Une grande part de la majoration de l'Ondam en 2020 est bien évidemment liée aux coûts induits par la crise sanitaire. 15 milliards d'euros de dépenses supplémentaires ont ainsi été intégrés dans la construction de l'objectif pour 2020 :
• 4,8 milliards d'euros de crédits supplémentaires, dont 4,6 milliards d'euros à Santé publique France et 0,2 milliard d'euros au fonds d'intervention régional aux fins d'acquisition de matériel médical ;
• 4,7 milliards d'euros fléchés vers les établissements hospitaliers et les établissements et services médico-sociaux, en vue du versement de primes et de l'indemnisation des heures supplémentaires (2,3 milliards d'euros) mais aussi de la couverture des dépenses exceptionnelles (1,8 milliard d'euros) ;
• 2 milliards d'euros appelés à financer le versement des indemnités journalières d'arrêt de travail ;
• 2 milliards d'euros destinés au financement des tests effectués dans les laboratoires de biologie médicale de ville (1,5 milliard d'euros) et au règlement d'autres dépenses, à l'instar de la distribution de masques dans les pharmacies ou de la prise en charge à 100 % des téléconsultations (0,5 milliard d'euros) ;
• 1,4 milliard d'euros dédié à l'aide aux professionnels de santé en vue de leur permettre de faire face à une baisse d'activité.

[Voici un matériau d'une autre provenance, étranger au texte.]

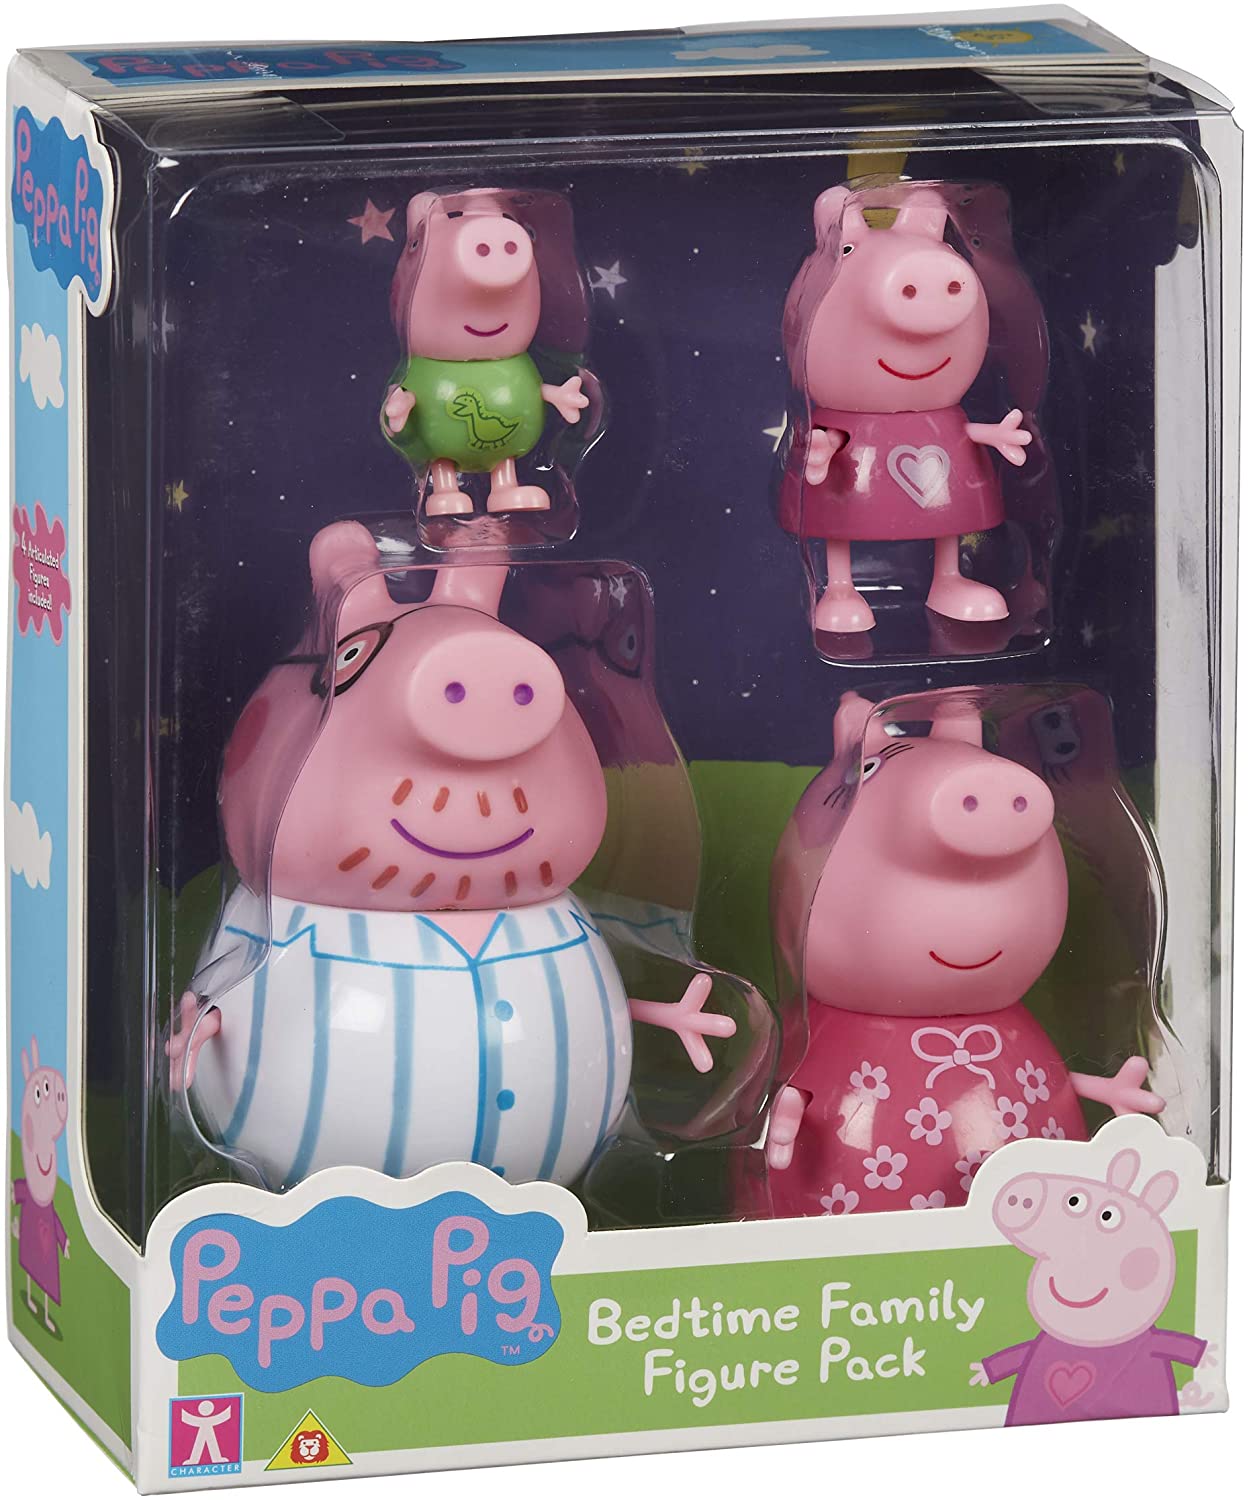 Peppa Pig Pack Figuras Familia de Vacaciones

Avec une progression de 2,2 %, l'évolution des dépenses de la branche vieillesse est dans la moyenne de ce qui a été constaté les années précédentes (2,5 % en 2018 et 2 %). La décision de ne pas revaloriser les pensions du privé à hauteur de l'inflation en 2020 (0,5 %) explique cette limitation de la progression de ces dépenses. Il faut néanmoins relever qu'au regard des montants des dépenses vieillesse, une progression de 2,2 % correspond à une augmentation de 5 milliards d'euros.
La légère diminution des dépenses de la branche AT-MP (- 0,3 %) entre 2019 et 2020 s'explique par les mesures de confinement.
* 1 Cette dynamique avait déjà été remise en cause en 2019, en raison principalement de l'absence de compensation par l'Etat des mesures prises dans le cadre de la crise des « gilets jaunes ».